Alright. That’s excellent. And do you feel like you guys are any closer with the marketing research you have done to being able to give us even broad strokes of your, like a conservative expectation for plasminogen sales for 2018?
Well, I mean, yes. I mean, as you know, we have been burned in the past with all kinds of guidance that we missed because clients change their forecast and change this and change that. We are going to be quite religious about how we want to go about guidance for the plasma-derived products and any therapeutics. Right now, what plays in terms of the impact on ‘17 is going to be definitely, are we getting approval in August or is it September or is it October? When is it exactly that we start shipping? And then more importantly, what’s the ramp up in ‘18, right? So we will come up with those guidance in due course.
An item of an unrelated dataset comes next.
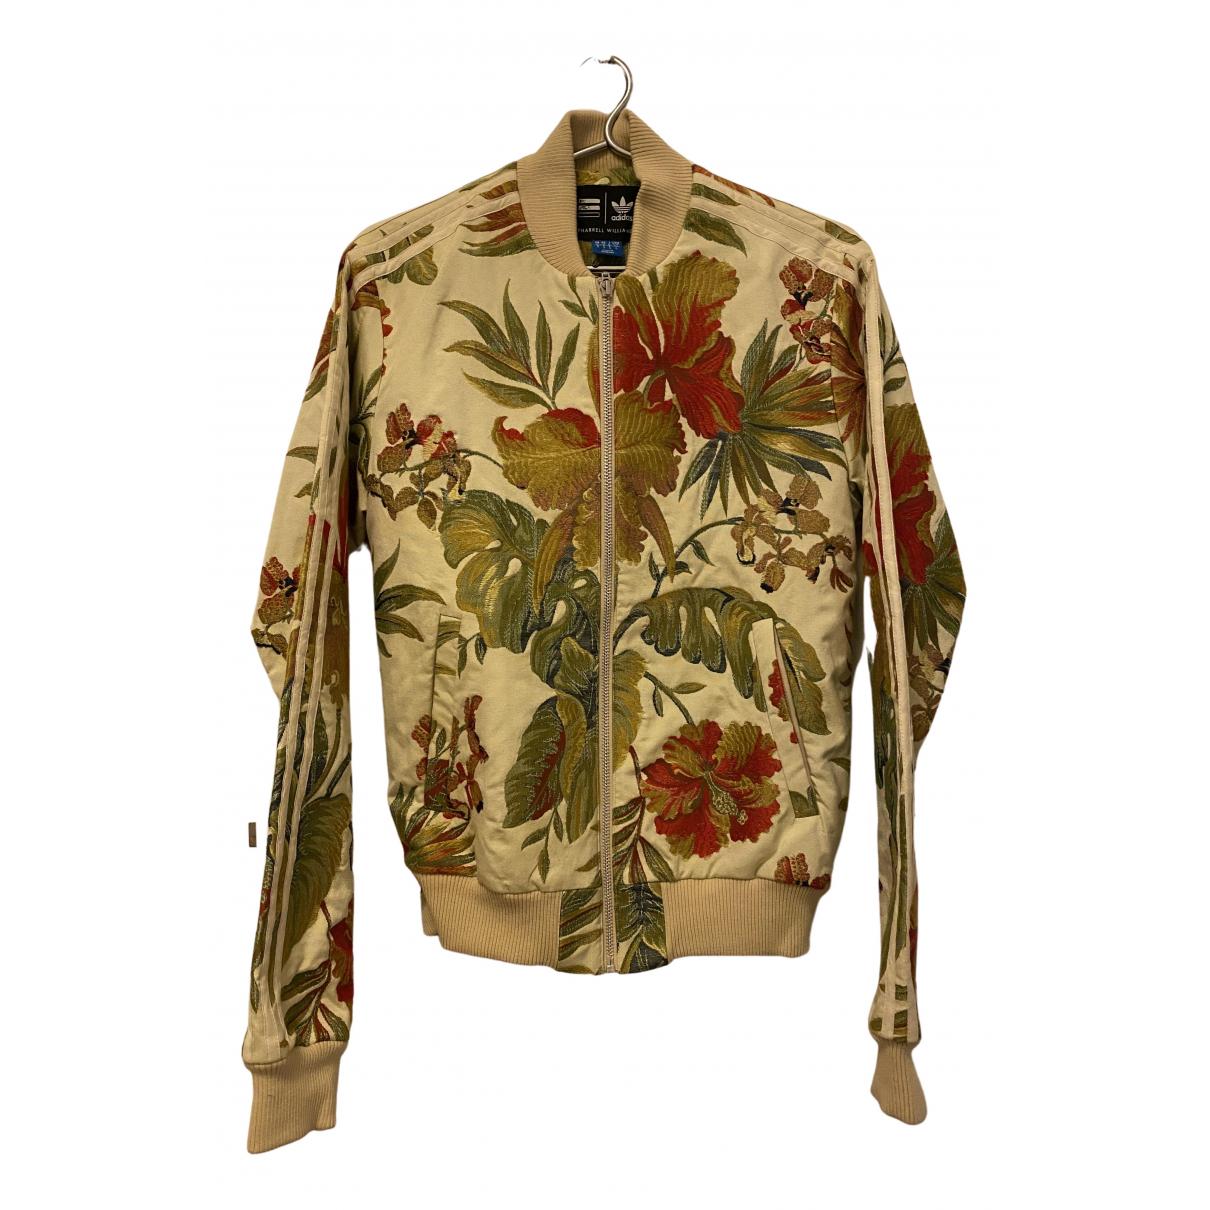 Adidas X Pharrell Williams \N Beige Cotton jacket  for Men S International

But I expect that it will be a lot of information disclosed at the AGM to give more color on this. I think it’s the right timing and we will have better visibility on all fronts.
Great. I will see you there. Thank you very much, guys.
There are no further questions at this time. Presenters, I turn the call back over to you.
Well, thank you very much. It’s been a long call, but I really appreciate your interest in ProMetic and we have an exciting year behind us and an even more exciting ahead of us. And I am glad this call is over so we can go back to work. Thank you very much.
This concludes today’s conference call. You may now disconnect.